→ **WHAT THIS TASK INVOLVES**: Below is a listing; repeat exactly the lines from the one containing "Philadelphia Eagles' Kelly" to the one containing "New Nike Kobe", both included.

→ **DATA SECTION**:
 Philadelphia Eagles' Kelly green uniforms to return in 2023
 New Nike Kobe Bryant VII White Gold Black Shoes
==
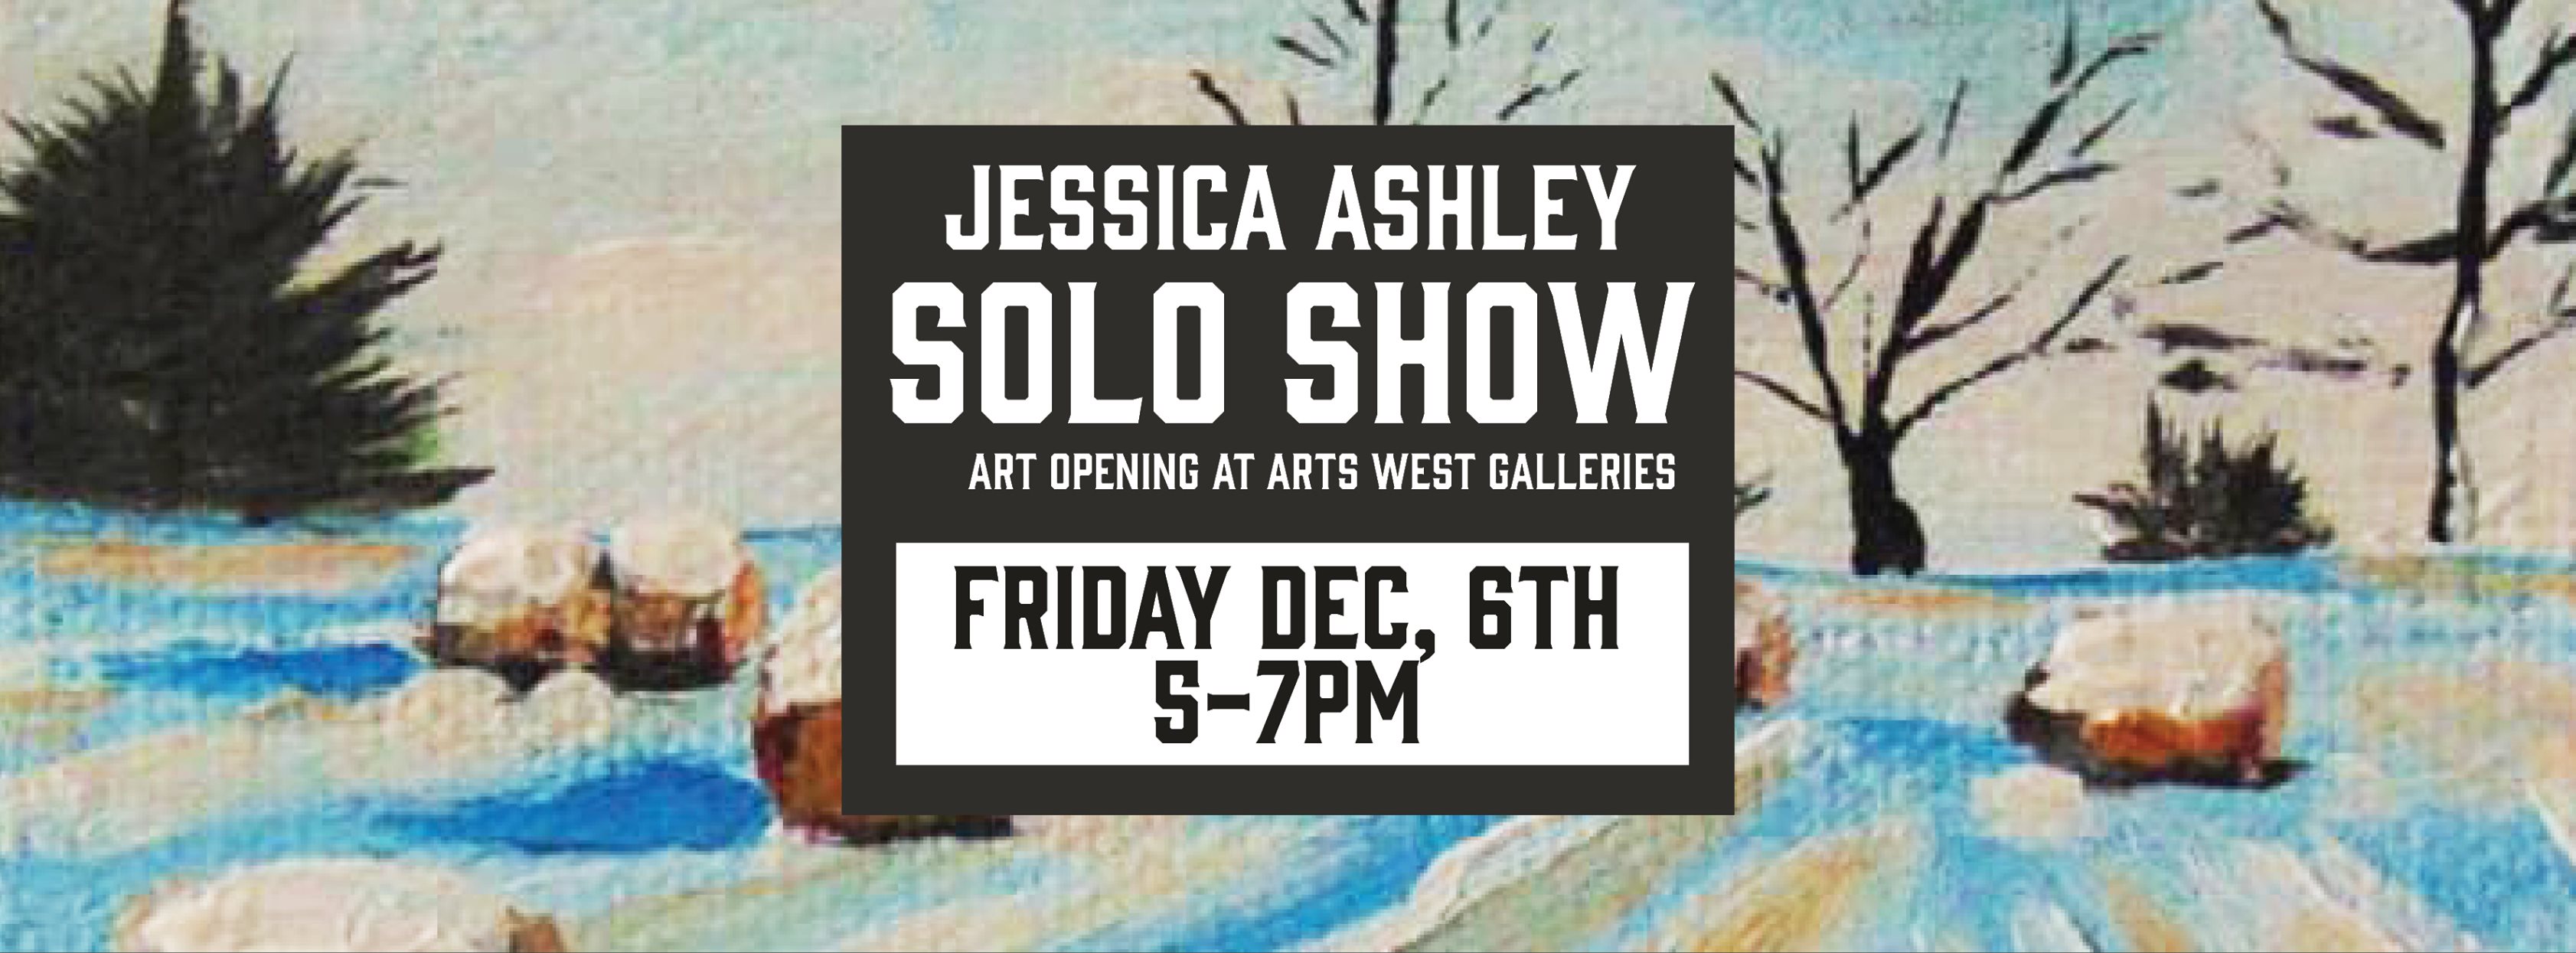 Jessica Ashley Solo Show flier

→ **PROBLEM SOLUTION**:
 Philadelphia Eagles' Kelly green uniforms to return in 2023
 New Nike Kobe Bryant VII White Gold Black Shoes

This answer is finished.